Reproduce the material below only from the line with "Croaziera 2019 - Asia/Africa" to the line with "Herrenarmbanduhr der Marke", both included, keeping each line exact and dropping the pictures.

◆ **RECORDS SUPPLIED**
-.-.-

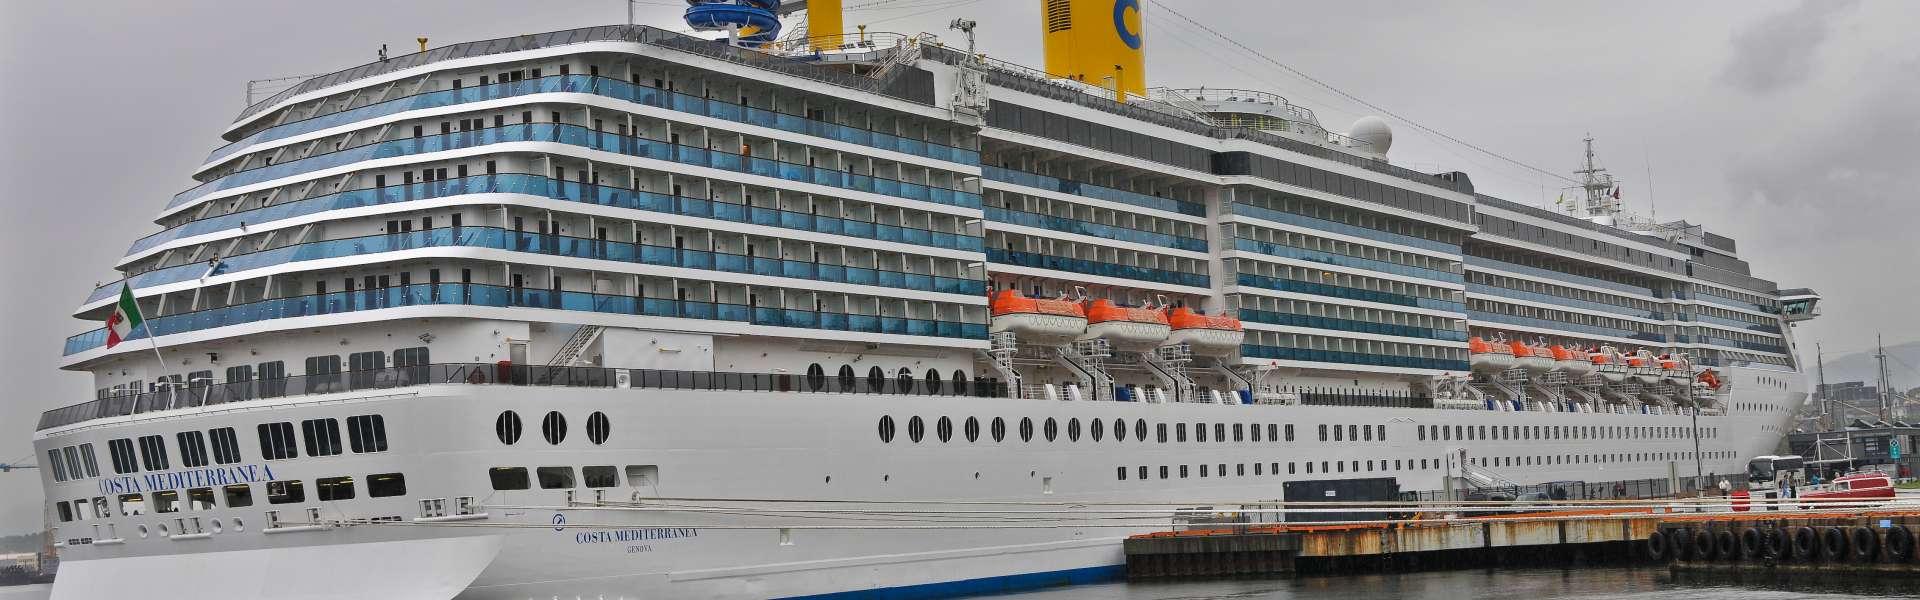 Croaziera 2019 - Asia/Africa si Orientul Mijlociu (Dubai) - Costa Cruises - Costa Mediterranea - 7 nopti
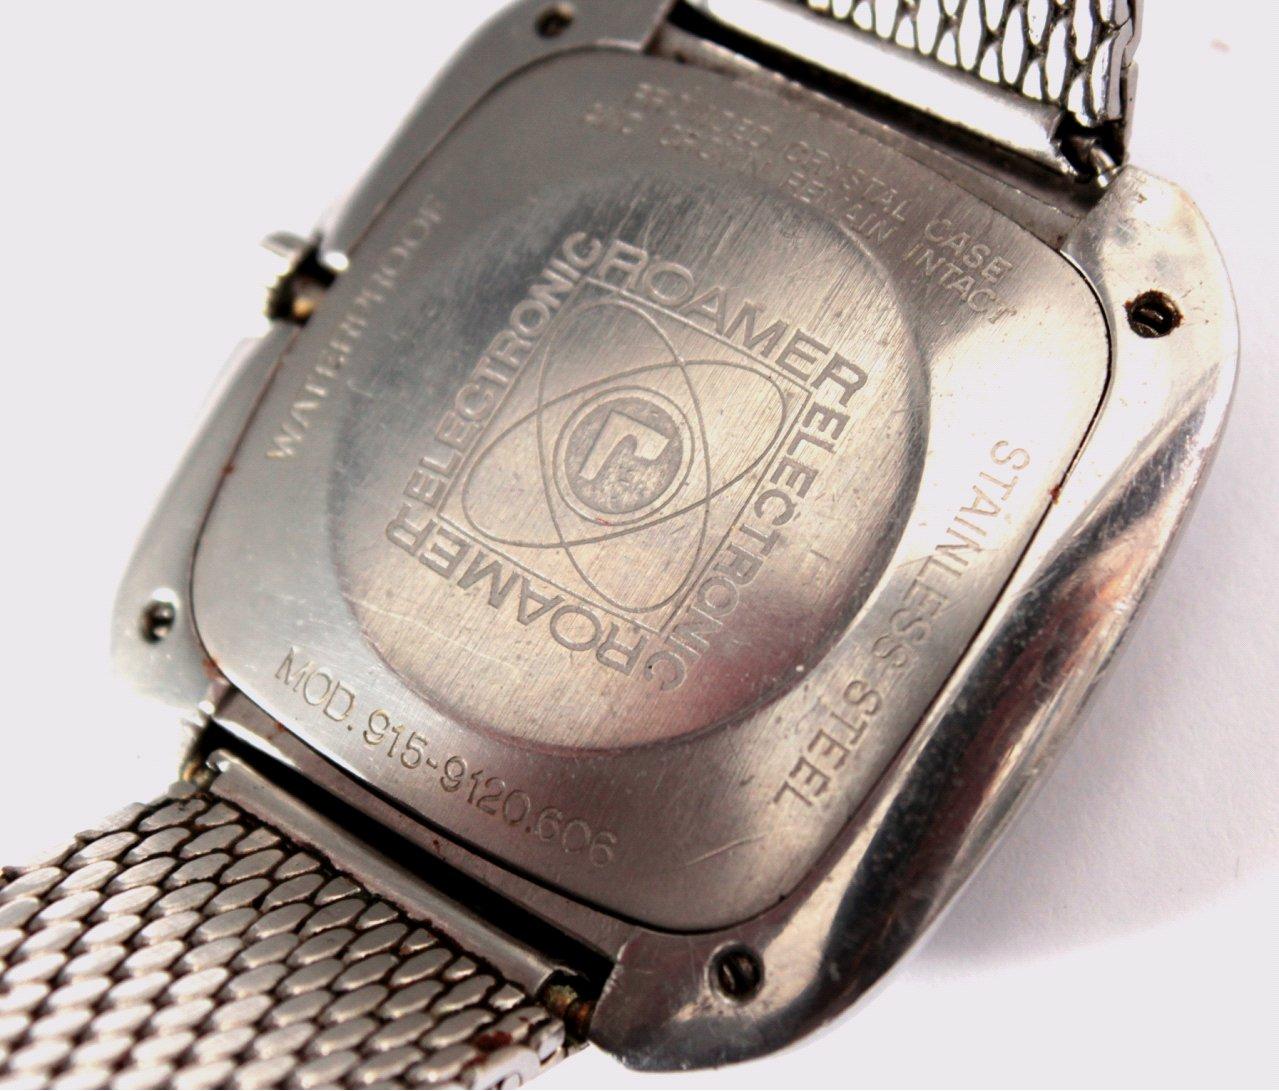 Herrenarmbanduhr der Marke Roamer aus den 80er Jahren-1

-.-.-

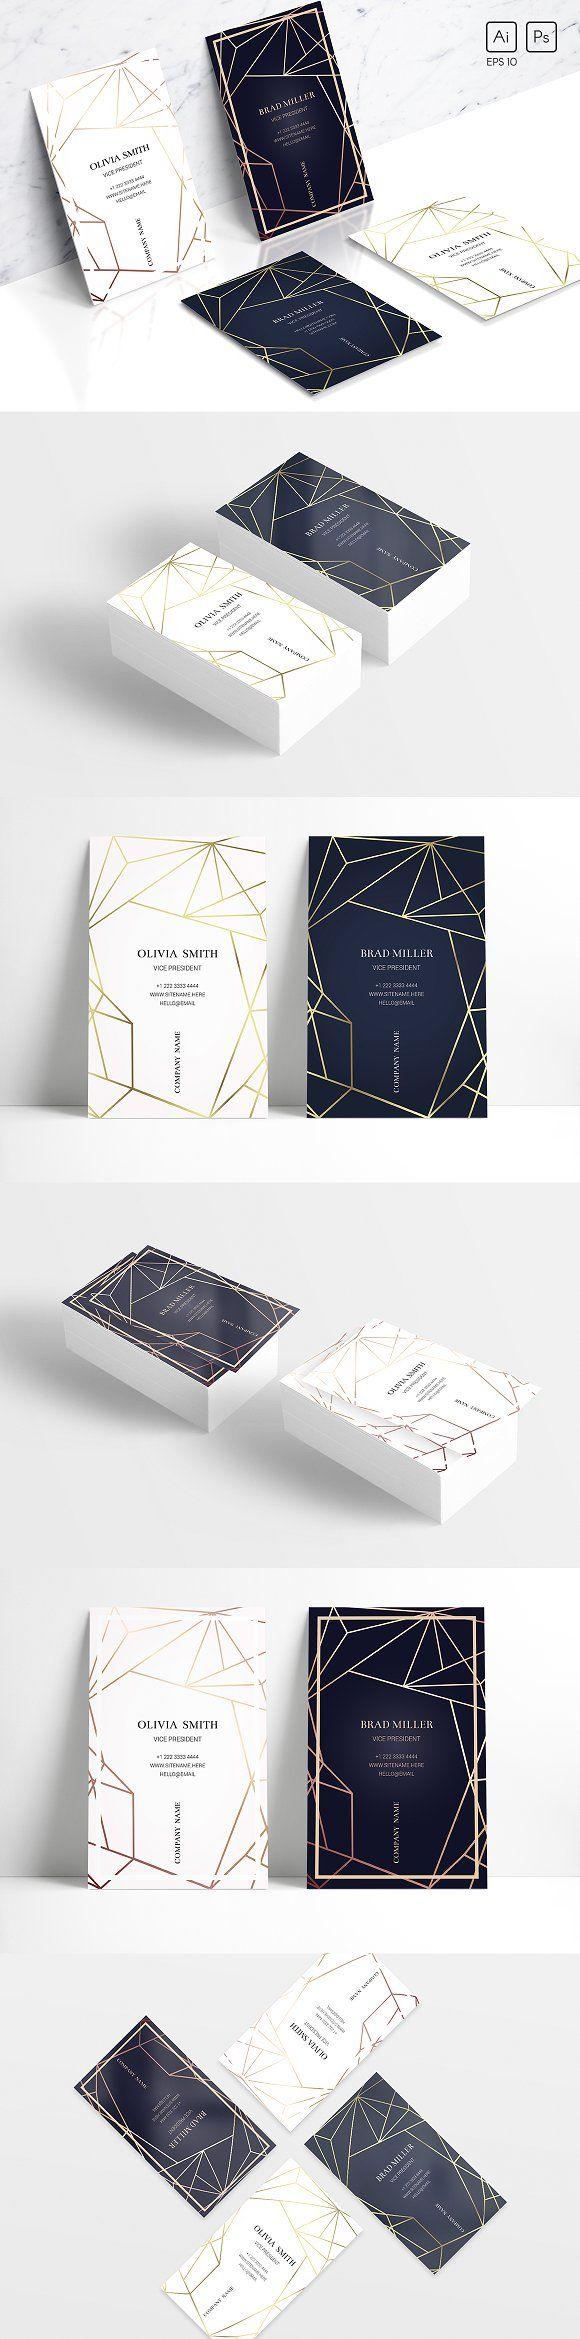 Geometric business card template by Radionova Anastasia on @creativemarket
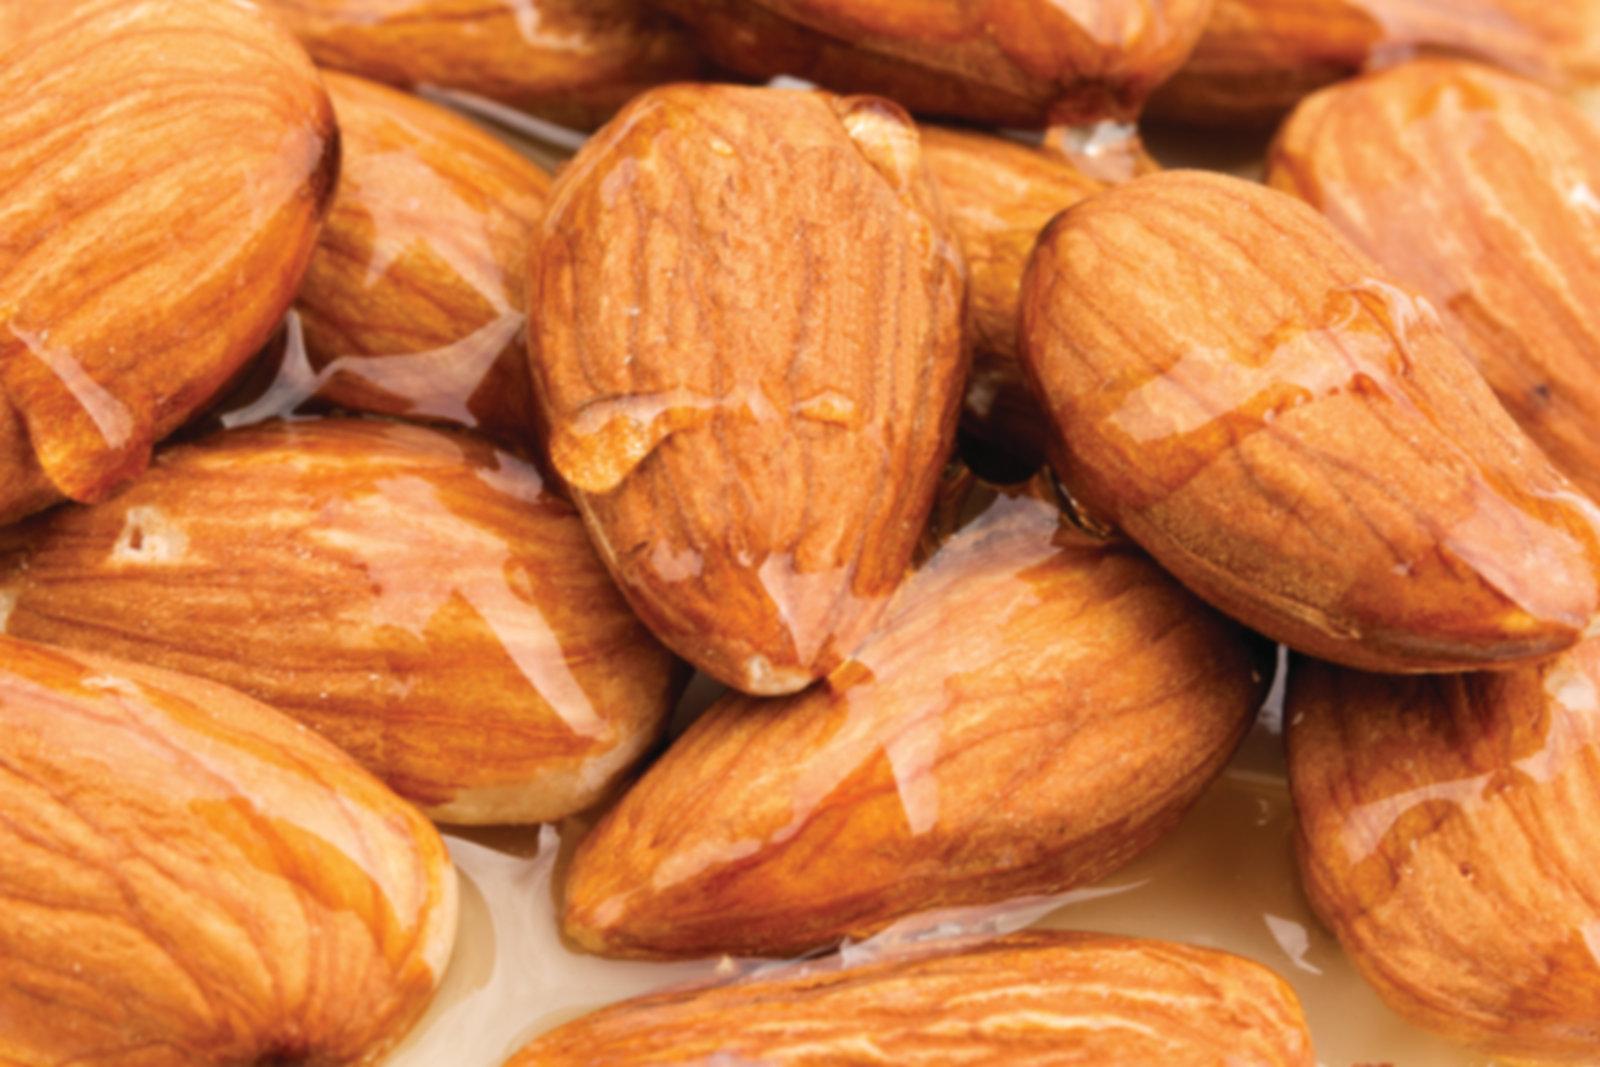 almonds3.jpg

-.-.-

◆ **RESPONSE BOX**
 Croaziera 2019 - Asia/Africa si Orientul Mijlociu (Dubai) - Costa Cruises - Costa Mediterranea - 7 nopti
 Herrenarmbanduhr der Marke Roamer aus den 80er Jahren-1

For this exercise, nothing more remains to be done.